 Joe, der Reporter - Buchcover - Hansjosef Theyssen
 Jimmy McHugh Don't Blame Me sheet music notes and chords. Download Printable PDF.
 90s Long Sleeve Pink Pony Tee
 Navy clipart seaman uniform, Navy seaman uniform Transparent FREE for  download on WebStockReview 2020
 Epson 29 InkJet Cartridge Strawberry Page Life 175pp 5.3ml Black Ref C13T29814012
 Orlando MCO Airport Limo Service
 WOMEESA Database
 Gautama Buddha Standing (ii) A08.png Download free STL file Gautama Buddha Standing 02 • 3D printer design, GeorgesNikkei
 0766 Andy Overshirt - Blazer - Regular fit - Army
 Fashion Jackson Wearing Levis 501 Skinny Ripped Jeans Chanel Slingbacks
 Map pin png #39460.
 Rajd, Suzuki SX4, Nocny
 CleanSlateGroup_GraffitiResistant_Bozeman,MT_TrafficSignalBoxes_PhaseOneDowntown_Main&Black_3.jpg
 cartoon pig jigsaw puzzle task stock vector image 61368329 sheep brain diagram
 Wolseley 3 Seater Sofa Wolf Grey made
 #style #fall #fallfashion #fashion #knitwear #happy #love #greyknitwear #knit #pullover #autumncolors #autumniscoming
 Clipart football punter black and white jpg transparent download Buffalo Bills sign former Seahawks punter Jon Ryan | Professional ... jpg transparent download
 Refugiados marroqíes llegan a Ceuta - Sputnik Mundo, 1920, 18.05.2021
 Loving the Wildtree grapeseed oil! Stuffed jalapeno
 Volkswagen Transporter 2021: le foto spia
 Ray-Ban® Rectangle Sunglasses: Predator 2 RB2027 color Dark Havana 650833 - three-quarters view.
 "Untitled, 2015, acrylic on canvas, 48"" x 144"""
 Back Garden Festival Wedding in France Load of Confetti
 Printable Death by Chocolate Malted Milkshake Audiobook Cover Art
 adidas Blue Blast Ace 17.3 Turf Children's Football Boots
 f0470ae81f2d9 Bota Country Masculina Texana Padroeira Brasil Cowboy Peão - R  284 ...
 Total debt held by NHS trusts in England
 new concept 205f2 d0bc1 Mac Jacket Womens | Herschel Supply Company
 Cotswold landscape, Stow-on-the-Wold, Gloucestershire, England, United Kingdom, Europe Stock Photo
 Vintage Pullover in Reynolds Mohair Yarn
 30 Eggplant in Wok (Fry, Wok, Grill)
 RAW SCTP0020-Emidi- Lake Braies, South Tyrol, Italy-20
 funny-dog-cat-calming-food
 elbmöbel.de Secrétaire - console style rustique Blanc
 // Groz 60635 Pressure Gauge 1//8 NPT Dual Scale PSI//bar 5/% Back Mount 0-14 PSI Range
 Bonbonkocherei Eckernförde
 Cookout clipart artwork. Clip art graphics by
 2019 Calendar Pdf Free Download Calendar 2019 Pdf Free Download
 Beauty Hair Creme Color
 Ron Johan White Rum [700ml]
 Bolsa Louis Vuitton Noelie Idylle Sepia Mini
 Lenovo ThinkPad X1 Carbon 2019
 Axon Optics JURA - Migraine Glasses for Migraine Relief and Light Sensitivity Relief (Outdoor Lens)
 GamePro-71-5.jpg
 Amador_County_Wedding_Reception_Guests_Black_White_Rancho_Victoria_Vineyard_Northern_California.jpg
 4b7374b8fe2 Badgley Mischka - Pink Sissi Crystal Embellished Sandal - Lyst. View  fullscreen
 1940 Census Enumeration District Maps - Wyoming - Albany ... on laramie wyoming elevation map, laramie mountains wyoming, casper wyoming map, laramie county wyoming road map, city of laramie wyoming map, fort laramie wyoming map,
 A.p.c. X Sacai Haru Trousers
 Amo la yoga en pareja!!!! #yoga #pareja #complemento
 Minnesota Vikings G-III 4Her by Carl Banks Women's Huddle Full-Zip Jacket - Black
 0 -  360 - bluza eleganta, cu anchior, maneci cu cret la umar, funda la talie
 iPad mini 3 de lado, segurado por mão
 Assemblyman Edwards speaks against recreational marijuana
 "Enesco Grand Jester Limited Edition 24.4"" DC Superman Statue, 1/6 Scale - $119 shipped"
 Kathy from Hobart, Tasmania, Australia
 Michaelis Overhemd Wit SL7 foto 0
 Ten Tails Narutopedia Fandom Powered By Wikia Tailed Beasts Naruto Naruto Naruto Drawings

* [PROBLEM REQUIREMENTS] Output the material above exactly, but only from the line that carries "Minnesota Vikings G-III" through the line that carries "Assemblyman Edwards speaks".

* [EXERCISE RESULT]
 Minnesota Vikings G-III 4Her by Carl Banks Women's Huddle Full-Zip Jacket - Black
 0 -  360 - bluza eleganta, cu anchior, maneci cu cret la umar, funda la talie
 iPad mini 3 de lado, segurado por mão
 Assemblyman Edwards speaks against recreational marijuana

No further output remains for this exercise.